Fazit: Abgesehen von der verminderten körperlichen Abnutzung und der erhöhten Sicherheit ist die Goods to Man-Robotik Teil der Strategie von Logistikspezialisten zur Steigerung der Qualität am Arbeitsplatz für die Lageristen. Verbesserte Arbeitsbedingungen und eine effizientere tägliche Aktivität fördern das Engagement und die Motivation der Mitarbeiter – was sich positiv auf die Logistikleistung auswirkt.  In diesem Sinne leistet die Goods to Man-Robotik einen Beitrag zu einem ausgewogenen Gleichgewicht zwischen Beschleunigung der Arbeitsprozesse und Wohlbefinden der Arbeiter – für eine verantwortungsvolle Produktion in den Lagern!

Zum Unternehmen Scallog :

Scallog wurde 2013 vom Diplomingenieur Olivier Rochet in Paris gegründet. Das Unternehmen entwickelt Automatisierungslösungen für Logistikzentren. Auch die industrielle Fertigung und der Vertrieb werden von Scallog realisiert.

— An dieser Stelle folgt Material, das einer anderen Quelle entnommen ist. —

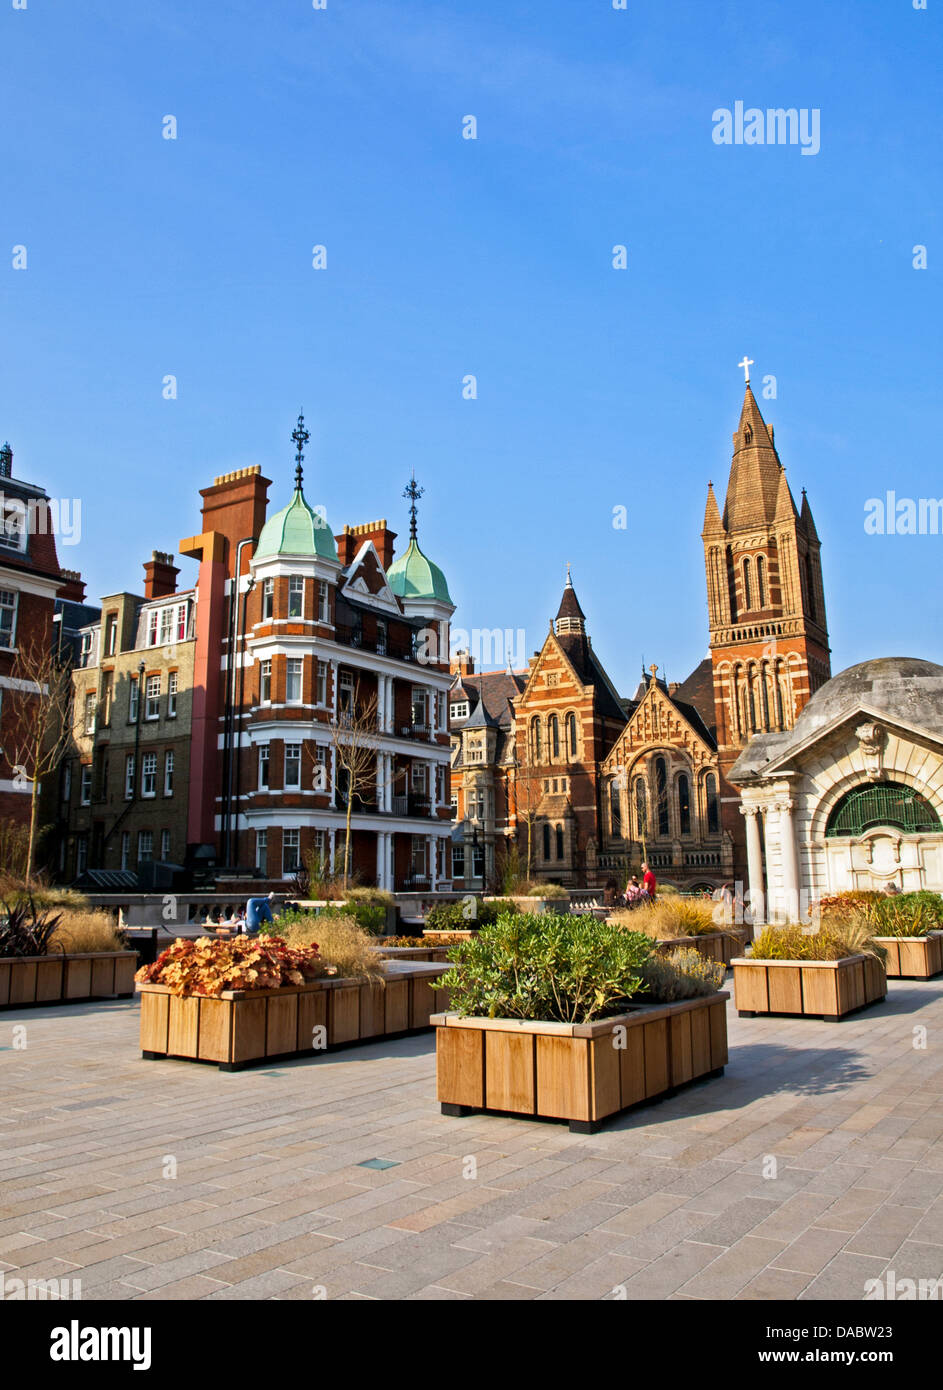 Brown Hart Gardens, a little known public garden on top of an electricity  substation, located off Duke Street near Oxford Street Stock Photo - Alamy

Die Lösung besteht in intelligenten Lagerrobotern, die mobile Warenregale zu den Kommissionierungskräften transportieren. Diese intelligenten Logistikroboter made in France sind mit der besten derzeit verfügbaren Entscheidungssoftware ausgestattet. 

Heutige Konsumenten haben stetig steigende Ansprüche in Hinblick auf die schnelle Verfügbarkeit und kurze Lieferfristen der Produkte. Scallog erlaubt eine Beschleunigung der Kommissionierung und garantiert somit erhöhte Produktivität und Agilität im Lagerwesen. Ein weiterer Vorteil besteht in der  Vergrößerung der nutzbaren Lagerfläche. 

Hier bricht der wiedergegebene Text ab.